TASK PROMPT — All of the data must be output exactly, with every picture left out.

====== INPUT DATA ======

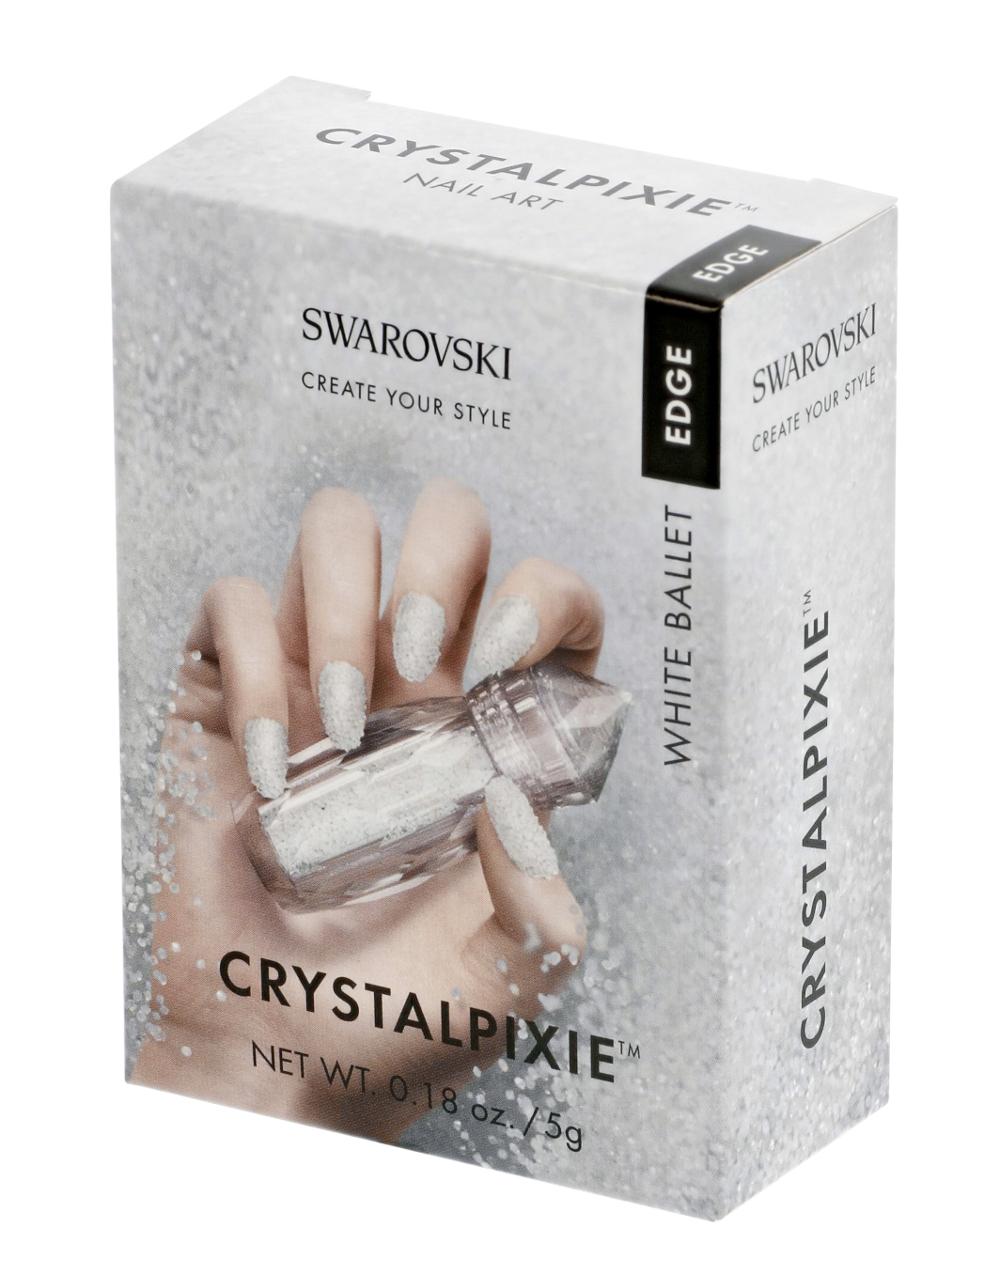 crystal-pixie-edge-diy-nageldesign-mit-swarovski-kristallen-nail-box-pixie-white-ballet-1-stu
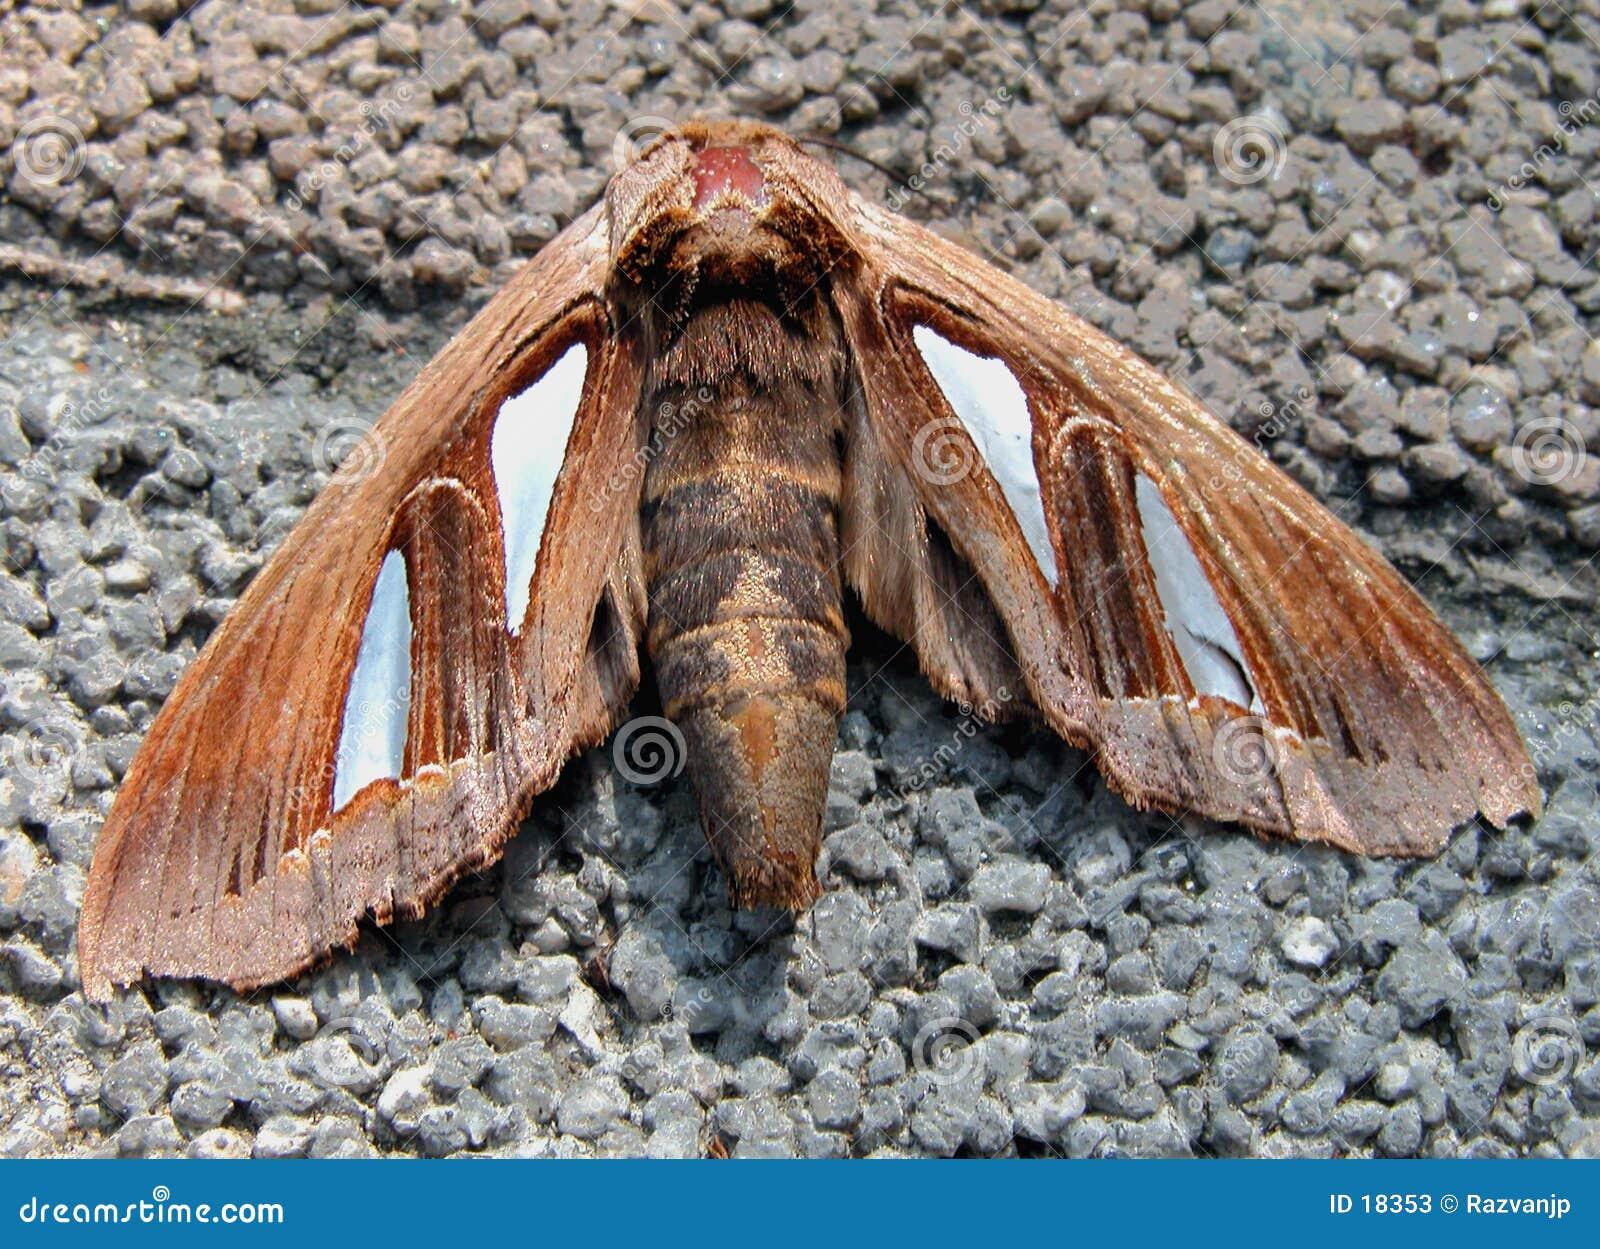 Night butterfly
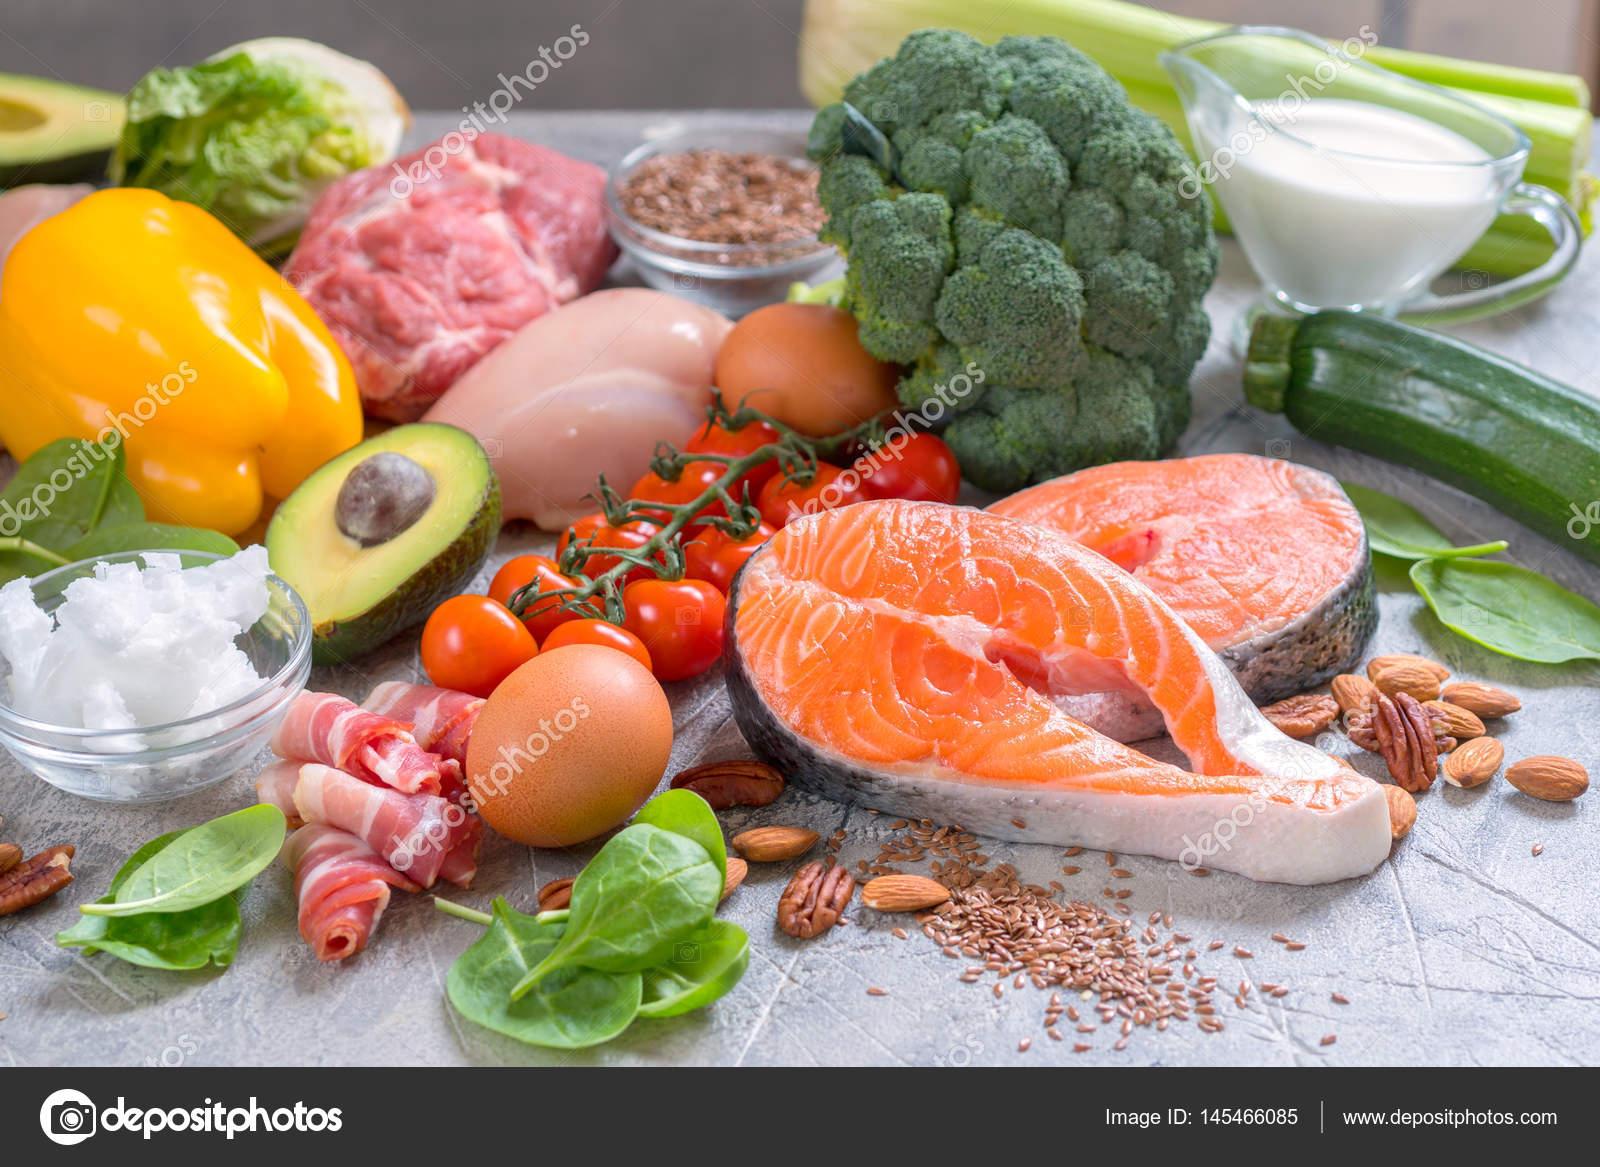 Saine alimentation faible en glucides c to c tog ne repas r gime alimentaire photographie - Aliments faibles en glucides ...

======

EXERCISE SOLUTION —
 crystal-pixie-edge-diy-nageldesign-mit-swarovski-kristallen-nail-box-pixie-white-ballet-1-stu
 Night butterfly
 Saine alimentation faible en glucides c to c tog ne repas r gime alimentaire photographie - Aliments faibles en glucides ...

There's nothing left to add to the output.